The question is should I continue trying for 5 reps and get only 4 or jump straight to 3,2 and try to beat my previous 3 rep record...i am pretty much 100% sure that I won't get 5 reps with 5 more lbs tomorrow so I'm thinking of just being modest and dropping the reps to stay as far away from fatigue as I can...good idea or stay with 5 rep range until I do actually fail? Today was a tough 5 reps...
 
Ok so while losing weight I got stronger this is fantastic! My previous record from my first cycle was 4 reps with 30 lbs @ bodyweight of 191...today I got 5 reps with 33lbs at bodyweight of 189...so technically 1 more on for 1 more rep...i consider that fantastic for being on a mild calorie deficit...
This is excellent improvement to be frank with you. Your previous best set of 5 was around 20 lbs added. You should be very proud of yourself. Your programming and effort is on point, and it shows.


The question is should I continue trying for 5 reps and get only 4 or jump straight to 3,2 and try to beat my previous 3 rep record...i am pretty much 100% sure that I won't get 5 reps with 5 more lbs tomorrow so I'm thinking of just being modest and dropping the reps to stay as far away from fatigue as I can...good idea or stay with 5 rep range until I do actually fail? Today was a tough 5 reps...

Once again, I agree with you (why do you even ask... you clearly know what you're doing! hehe). I would drop down to 3,2, plus a set of 5 at Bodyweight or maybe with a bit of added weight (5 lbs perhaps?) after those. I do think that extra 5 easy reps at the end are a good idea to make up the volume and painlessly add in some practice.

Dropping to triples will deload you slightly and allow the cycle to go a bit longer.

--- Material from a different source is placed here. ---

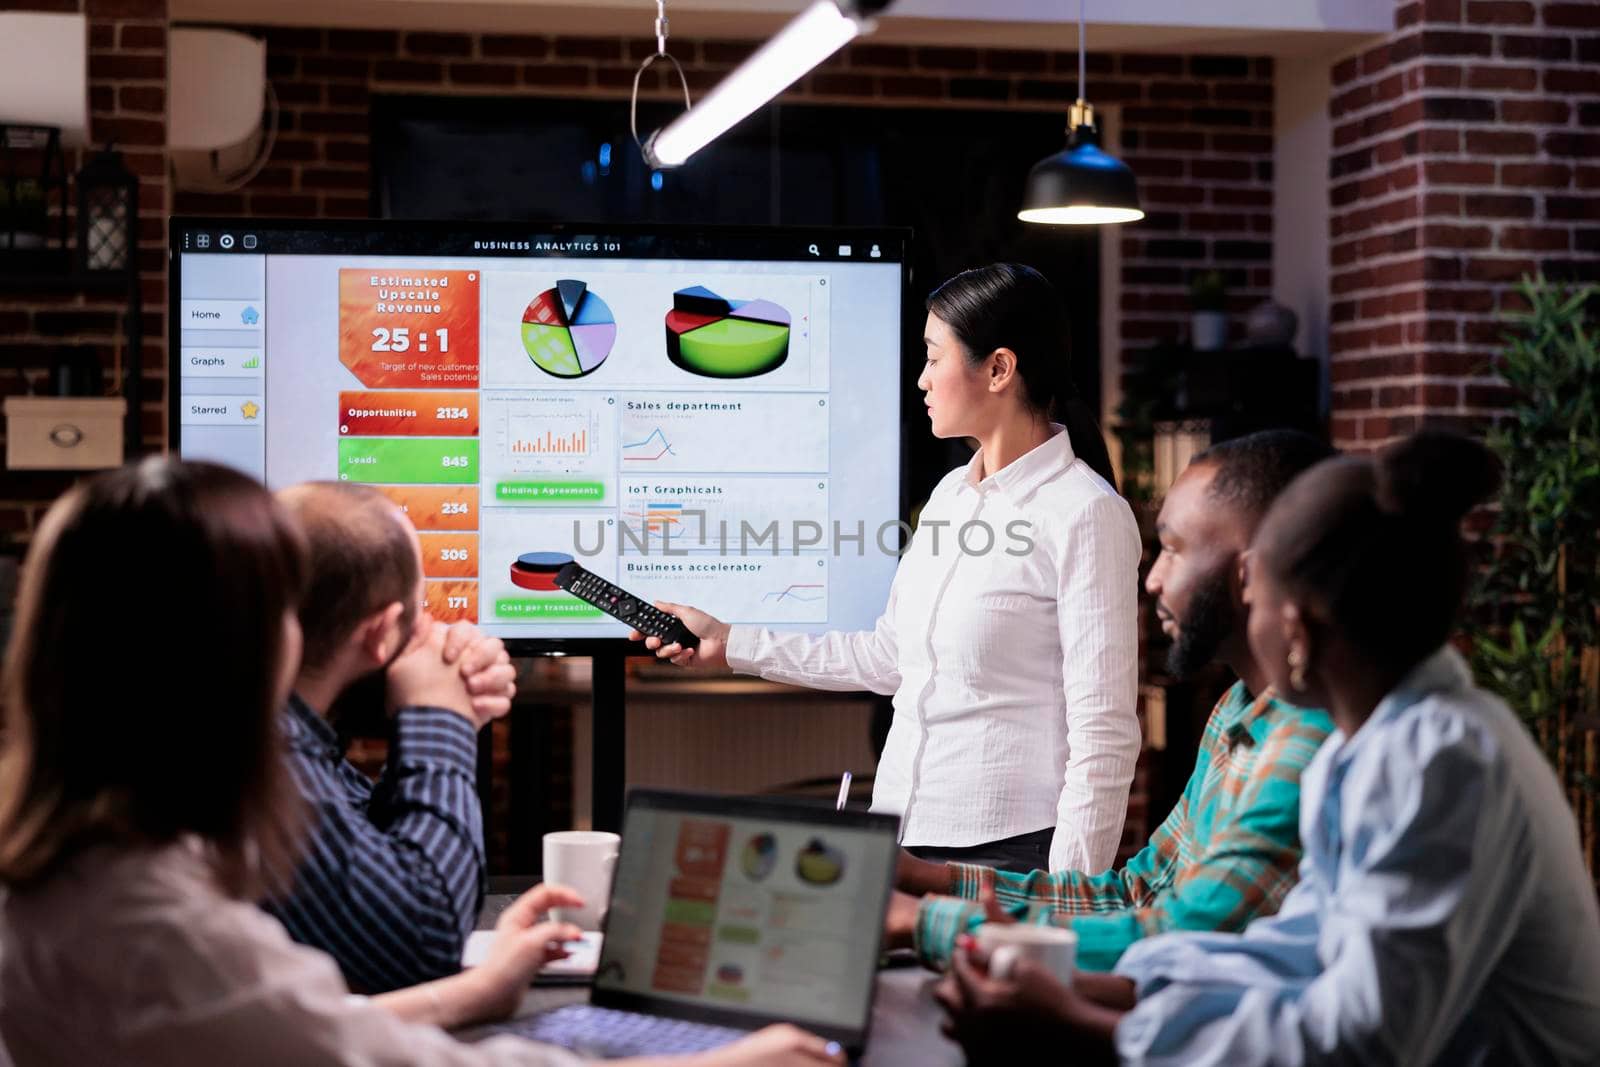 Asian entrepreneur holding remote control presenting business sales statistics on tv screen in late night meeting. Woman workahollic doing overtime at work talking about marketing strategy with diverse team.

It looks to me like you'll be good for 3 reps at 45 lbs by the end of the cycle. Perhaps even 3 reps at 50 lbs. I'm excited to see what you get :)
 
Well I got 45 with 3 today...im feeling strong so gonna go for 50 for 3 tomorrow and if I only get 2 so be it...either way tomorrow will be last day of cycle and I'll take Friday and Saturday off and start new cycle on Sunday instead of monday...
 
Got 50 for 3 and I didn't really struggle so I'm gonna go for 55 tomorrow and if I have a doubt that I will get 3rd rep I will not attempt...id rather workout tomorrow then take 3 days off in a row...keep it Monday through friday...plus I'm feeling strong mind as well keep the momentum going for one more day...

This pttp is powerful stuff...and no pun intended
 
Ok so this cycle I beat my old 5 rep max by 5 lbs and stayed the same on my 3 rep max...today I did same weight for 3 but i know it was difficult and will fail if I attempt 3 reps tomorrow with 5 lbs more...

Should I at this point try to add a little muscle by training less often and more closer to failure...then come back to this style of training with a little more size....or should i continue to train pttp style but just change up my progression model? Maybe step or wave cycle?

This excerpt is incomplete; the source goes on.